Bryant did not play in that game again and wanted to jump to the first in that place that prays that in 49 states it’s basketball but this is INDIANA. But Phil Jackson saw him so in pain that he did not let him jump onto the track. The Lakers lost by 9 and faced the fourth, the key, with the mission of winning or seeing how their rivals tied the tie. Kobe asked, almost begged Jackson to introduce him to the game and the Zen Master relented and included him in the quintet. And it was his night, marked by a variant starring Larry Bird, that sat Rick Smits, a center with a very good hand, in the last quarter, when Shaq was with 5 fouls and the duel was in a fist. Smits came out in extra time, scored 8 points without a miss (3 field goals and 2 free throws), took the sixth off O’Neal and confirmed that Bird had made a mistake in the fourth quarter by leaving him on the bench. And at that moment, when the Lakers were without their great reference, the man emerged who just a short time before was writhing in pain every time he rested his ankle, an injury from a play that Rose recognized, some time later, that it had been intentionally.

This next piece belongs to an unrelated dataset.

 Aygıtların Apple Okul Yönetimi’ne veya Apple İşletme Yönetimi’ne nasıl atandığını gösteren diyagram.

Kobe scored 8 points in overtime on 4-of-5 shooting from the field, gave a master classs from 6 meters, put a tremendous plug on Austin Crosherese that generated applause from his bench (Shaq, sent off, in the lead) played shots with many seconds on the scoreboard and, at 117-118 for the Angelenos, grabbed an impressive rebound off a whimsical attempt by Brian Shaw and pushed the ball against the board with 5.9 seconds to go to give the Angelenos an advantage which would later be final. A last free throw by the Pacers and the failure of Reggie Miller (35 points with 6 of 9 in triples) certified the victory of the Lakers, the final 118-120 and a 3-1 that Indiana would no longer be able to lift. The Lakers, who lost the fifth game, resolved in the sixth with 26 points and 10 rebounds and 4 assists from Kobe, and 41 points, 12 rebounds and 4 blocks from Shaquille, ultimately MVP of the Finals. And that was always Shaq’s team; But never, in the history of the NBA, has a second sword been so close to the first nor has it managed to converge in such a way with the first, to pass over it as of 2003 and then rise up, with the farewell of O’Neal and the controversy that accompanied him, as the face of a project that was definitely his.

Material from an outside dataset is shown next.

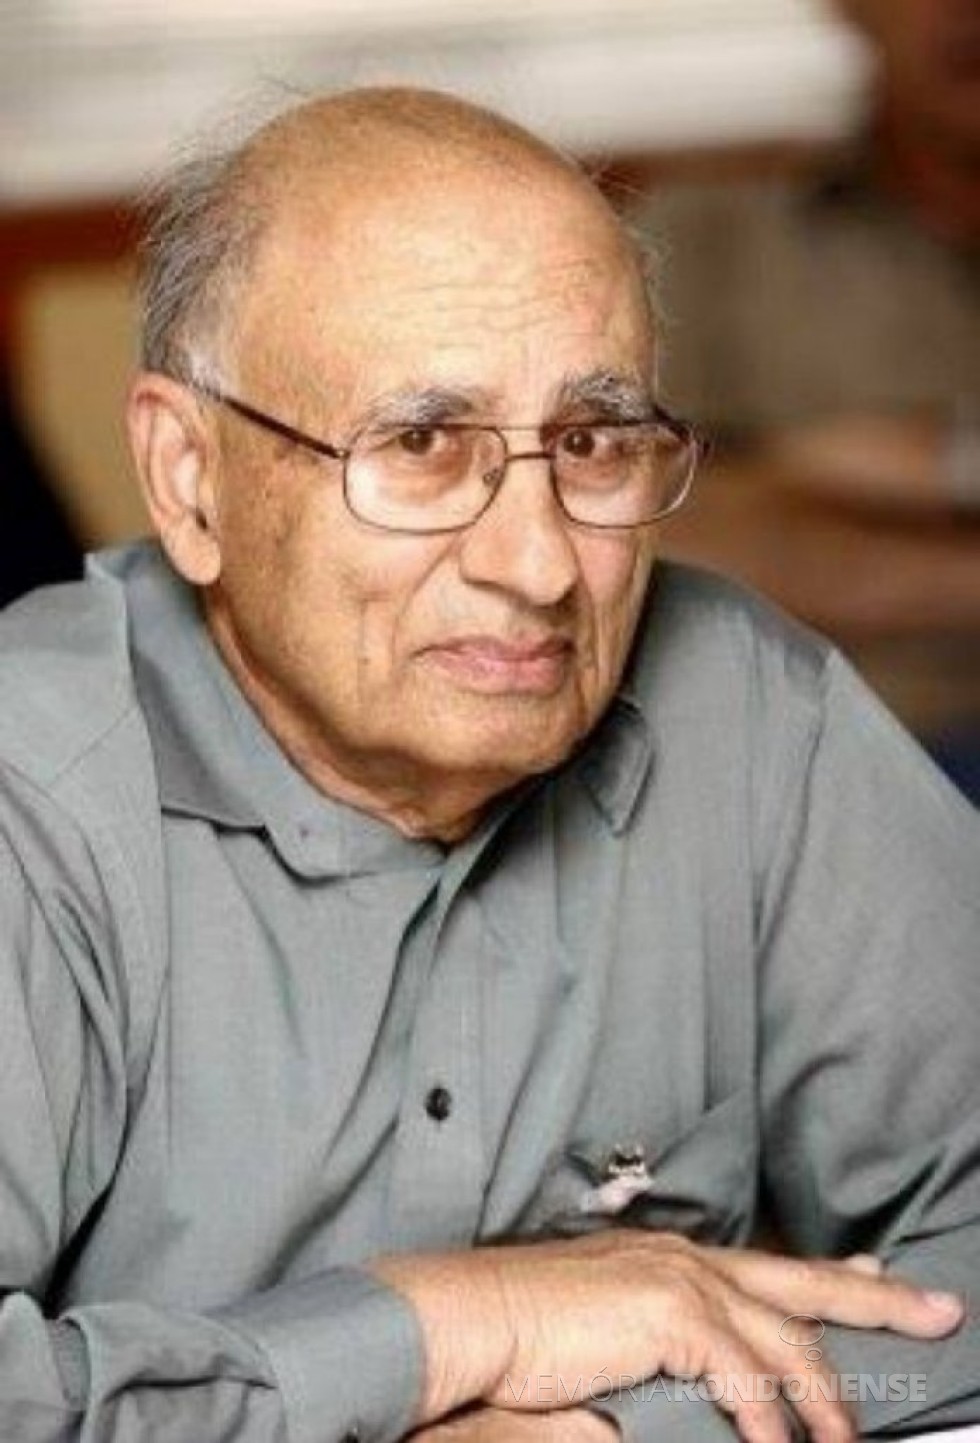 Engenheiro indiano-estadunidense Gurmukh Sarkaria, projetista da Itaipu Binacional, falecido em 22 de julho de 2014. Imagem: www.fabiocampana.com.br - FOTO 8 -

That was Kobe’s game, his first big showing in the NBA Finals. And while his first step toward becoming a legend was Game 7 of the series that decided the West playoffs, the resilience and endurance to pain displayed in the fourth round against the Pacers allowed Phil Jackson to have a deja vu that provoked the nostalgic memory of Jordan. And this is how the mythical coach remembers it in one of those books in which he reviews his memories, Eleven rings: “It was the first time that Kobe reminded me of Jordan“And it was not because of the obsession of the Black mamba for His Airness. Nor because of the almost millimeter imitation of the movements of the basketball player he loved so much. It was the endurance of the ankle pain, the resistance to blows, the enormous inner strength that emanated from his person. All that was what allowed Kobe to be, and to continue being today, the person who has come closest, or even competed, with the greatest voracious desire to win in NBA history. A game in which he finished, at 21, with 28 points (14 of 27 in field goals), 4 rebounds and 5 assists. Almost nothing.